There’s, of course, also good economic reason to believe that heightened immigration is contributing to falling GDP per capita. A first-order determinant of GDP per capita in any economy is average capital per worker. Capital is what allows workers to be productive, and includes everything from machinery and equipment, to factories, to highways and public transportation systems, to schools, hospitals, and housing. When the population grows at a faster rate than the capital stock, as we’re seeing now, there is less capital per worker which lowers labour productivity and average economic living standards. Second, the post-COVID era has seen the Trudeau government shift immigration policy from a longstanding prioritization of candidates with high levels of human capital and, in turn, high expected Canadian labour market earnings, to plugging holes in lower-skilled labour markets where the growth in job vacancies has been overwhelmingly concentrated. If the policy objective of immigration is to leverage immigrants to boost growth rates in GDP per capita, this policy shift is not economically sound.

SEAN SPEER: Is there a trade-off between higher GDP per capita and egalitarian concerns about distribution?

MIKAL SKUTERUD: The hypothesized relationship between GDP per capita and inequality is the known as the “Kuznets Curve.” The curve hypotheses an inverse U-shaped relationship in which countries who are in the early stages of economic development tend to see increasing levels of economic inequality up to some maximum, beyond which further advances in development tend to reduce economic inequality. It seems entirely reasonable to believe that Canada is on the downward sloping part of the Kuznets Curve where further gains in average living standards tend to benefit the most disadvantaged in society. The success of the Canada Child Benefit in reducing child poverty rates is a noteworthy example pushing us along the downward sloping part of the Kuznets Curve.
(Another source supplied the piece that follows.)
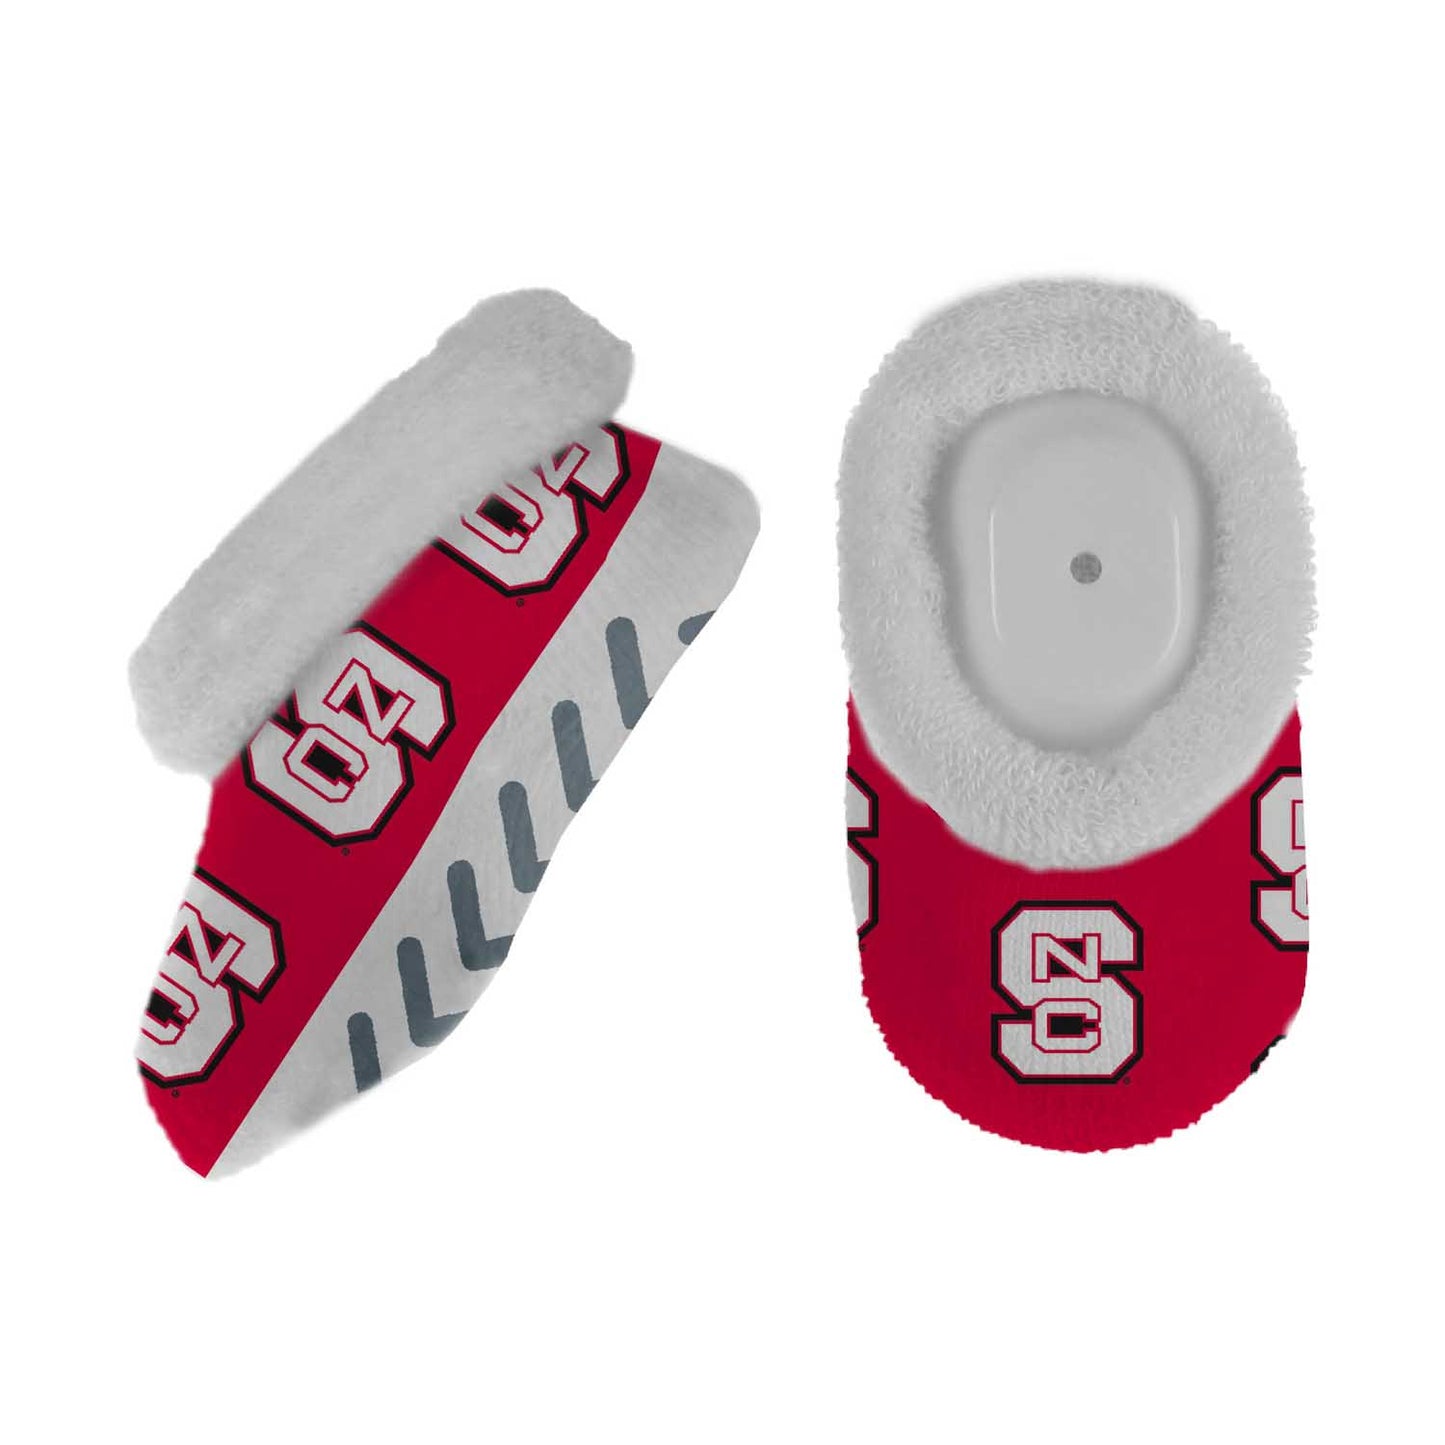 NC State Wolfpack College Baby Booties Infant Boys Girls Cozy Slipper Socks - Red
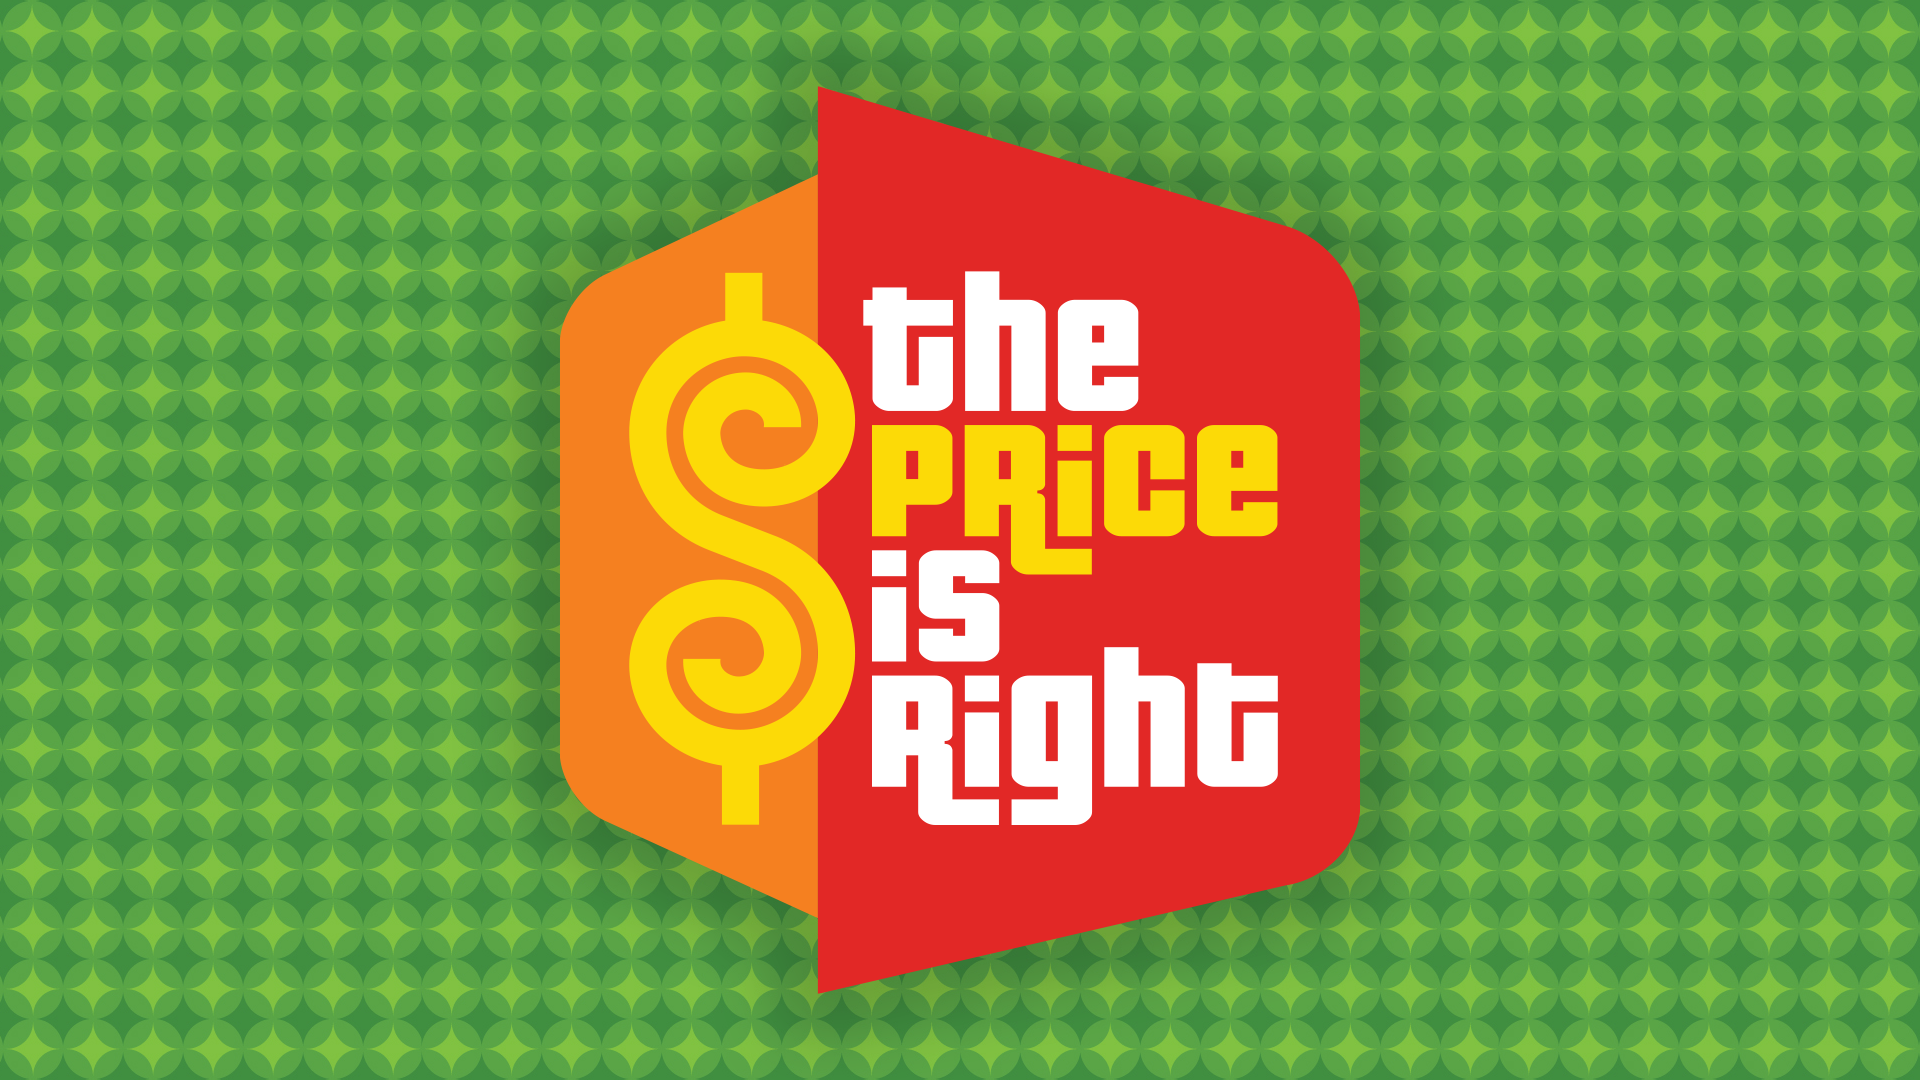 price is right live

GDP per capita can be thought of as the size of the average slice of the national economic pie. When the size of the average slice is growing over time, citizens are more willing to support bigger slices for those with the smallest slices because doing so doesn’t require anyone to have less. But in an economy where the size of the average slice is decreasing, support for progressive policies can quickly turn as citizens become more focused on maintaining what they already have. In the words of a song from my youth: “the grabbing hands grab all they can.” More troubling, if heightened immigration is seen as contributing to falling GDP per capita, Canada’s historical and exceptional public support for high immigration rates risks being undermined. This, in my view, is the ultimate risk of Canada’s current immigration policy experiment.

SEAN SPEER: What if any consequences are there for a growing GDP per capita gap with the U.S.?

MIKAL SKUTERUD: As noted earlier, a key mechanism through which immigration has the potential to boost GDP per capita is through its potential to increase the average human capital of the population by attracting and retaining top international talent. One obvious risk of a growing GDP per capita gap with the U.S. is that it exacerbates Canada’s ability to attract and retain skilled workers, and not only immigrants, but also Canadian-born workers who might increasingly look to the U.S. to realize their career and economic ambitions. This is one mechanism through which declining per capita GDP can be self-perpetuating.